LearnByReading
LearnByReading

Reputation: 1883

Why do the set of dimension members in a fact table are typically used as a composite key?

It seems like based on my research that the "best practices" suggest that a row in the fact table would have a composite key consisting of ALL dimension measures: For instance, if my measure in the fact table is "sales" and I have four dimensions: "location, salesperson, buyerCat, salesMonth" then, my composite key would consist of unique values for those 4 dimensions. But this would cause serious issues down the road: what if I have two measures with the unique set of dimensions???

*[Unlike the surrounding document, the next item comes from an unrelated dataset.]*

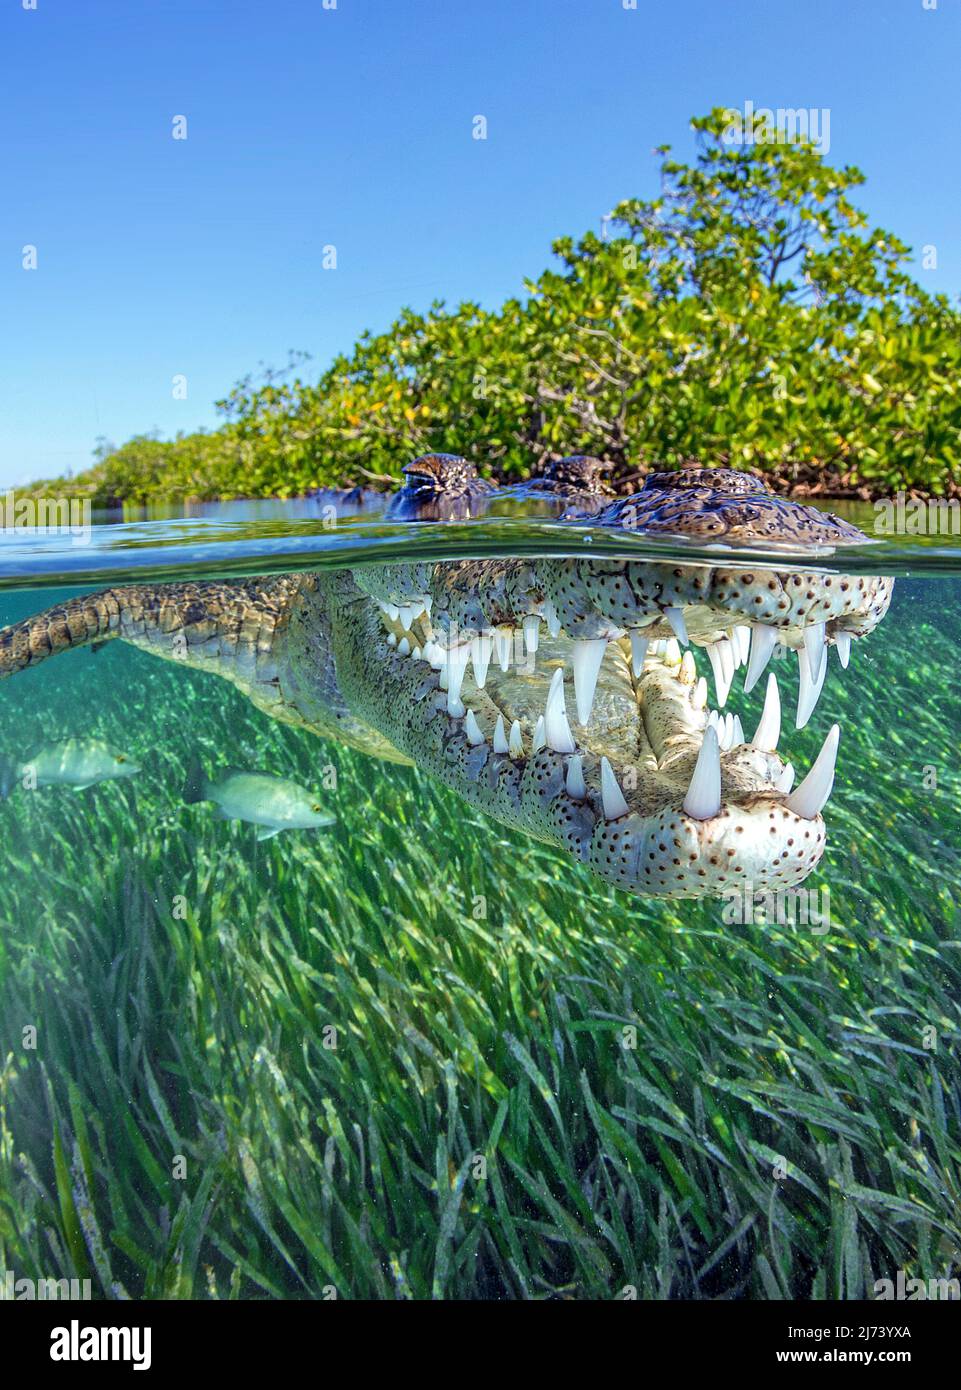 Cocodrilo americano (Crocodylus acutus), imagen dividida, sobre debajo, Jardines de la Reina, Cuba, Mar Caribe, Caribe Foto de stock

  --Example: Fact table row: 
  Sales Amount: $100, location: US, salesperson: Bob, buyerCat: Young, salesMonth: Feb/2010
  Sales Amount: $640, location: US, salesperson: Bob, buyerCat: Young, salesMonth: Feb/2010 

This measure would then be prevented from entering the data mart, just because ALL of the dimension members are being used as the composite key. Am I not correct?

Upvotes: 1

Views: 492

Answers (3)

Ntiyiso Mayile
Ntiyiso Mayile

Reputation: 31

It is best to avoid using a composite key or any business related keys for that matter to unique identify your fact table rows. I can guarantee you that you will find many records that share the same dimension keys. clearly define your fact table grain using steps provided from Kimball website and you will not have any need to worry about the uniqueness of your fact rows

Upvotes: 1

Jo Douglass
Jo Douglass

Reputation: 2085

If you're finding that this would be problematic, then you might want to look at your data model and question why you want to load multiple rows which use exactly the same dimensions.

In the example you've given, presumably those were actually different sales. If so, they perhaps took place on different days - but you're only recording at month level, so you've lost that data. If you include the exact date as a dimension, then your duplicate issue goes away. Or if the two sales could be on the same day, maybe there's a transaction number from the sale which could be recorded and used as degenerate dimension - again, you no longer have rows which use the same dimensions.

Transaction fact tables should model things based on an event - in the case of your example, a sale taking place - and they should reference enough dimensions to uniquely identify each specific incidence of that event.

If you really don't care about holding data down to the finest grain, then what you're building is not a transaction fact table, but perhaps something like a periodic snapshot fact table. In that case, you should sum up those two rows so you just have one row with a Sales Amount of $740.

However, I would be very careful about building a warehouse in this way and not building transaction fact tables which go down to the lowest grain - even if no one wants to report on or analyse down to that level right now, they might want to later on, and it'll be painful to refactor your data warehouse and your ETL to work at a lower grain. Whereas if you create a transaction fact table first at the lowest possible grain, you can always aggregate up - whether your users do that in an OLAP tool like SSAS, or you create some aggregated tables or views to make it easier for reporting purposes.

Upvotes: 3

Tim3880
Tim3880

Reputation: 2583

Unless you define the composite key as unique, you can have as many as duplicates you want.